Last month a New York federal court awarded Gucci $4.7 million in its three-year-long trademark case against Guess Inc. and its footwear licensee, Fisher. Now Judge Shira Scheindlin has reduced the damages owed by Fisher by nearly $1.5 million.
According to an amended opinion filed Monday, Marc Fisher must now pay Gucci $456,183, down from $1.9 million.
The total damages that Gucci is due from all parties in the case — including Guess — are now $4.61 million as Scheindlin corrected mathematical errors and oversights in identifying infringing styles.
Gucci originally sought damages of roughly $221 million, alleging that Guess and a handful of its licensees sold more than $200 million in goods that infringed on Gucci’s trademarks.
“We are pleased with the judge’s decision to reduce the damages, although we are disappointed in the finding that any footwear infringed,” the Fisher firm told WWD. “Gucci clearly was overreaching, as reflected by the fact that more than 90 percent of Gucci’s claims were thrown out, leaving a minor dispute that could have been resolved years ago without litigation.”
Trademarks at issue during the trial, which was held from March 28 to April 19, included a block letter “G,” a combination of green-and-red stripes, a script and diamond-logoed motifs. The judge said Gucci had proven that Guess’ use of the Quattro G pattern in brown and beige colorways and Marc Fisher’s use of the green-red-green stripe diluted the luxury Italian design houses’ trademarks.
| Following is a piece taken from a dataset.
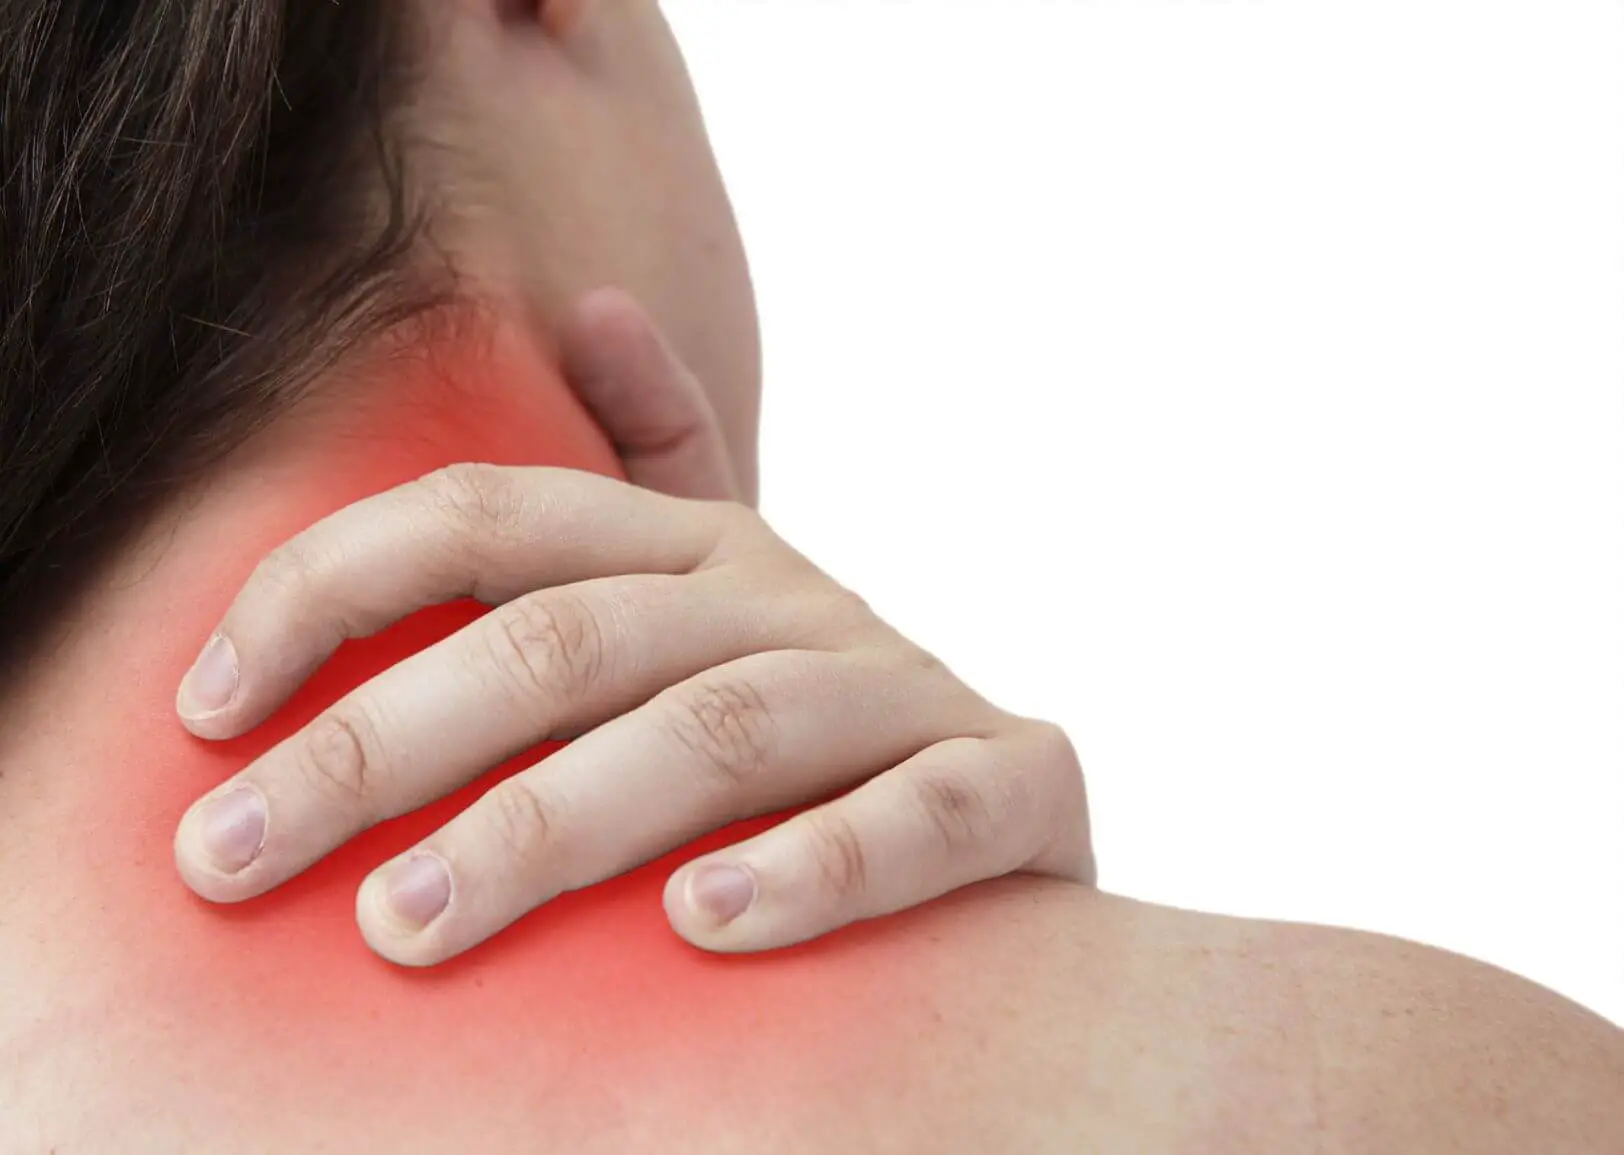 4 Simple Ways To Control Pinched Nerves In The Neck

As a result, Gucci was granted damages, as well as a permanent injunction barring Guess from using the Quattro G pattern, the green-red-green stripe and certain other square G marks, but the judge did not find that the script logo caused any harm.
By company, Guess is ordered to pay $2.3 million, Mark Fisher must pay $456,183 and handbag licensee Signal Products Inc. has to fork over $1.8 million. Other licensees named in the suit include The Max Leather Group-Cipriani Accessories Inc. and Swank Inc., which have been ordered to pay $24,701 and $18,791, respectively.
“Gucci America acknowledges today’s decision in its case against Guess Inc. and its licensees, which simply corrects a calculation error on the court’s part in its original ruling,” Gucci told WWD. “This does not change the substance of the original May 21 decision, in which the court found that Guess had willfully infringed Gucci’s iconic designs and that for this reason Gucci should be granted an award on some of the profits made by Guess for its retail sales. Gucci remains confident that the court’s ruling in this case will continue to serve as a powerful deterrent.”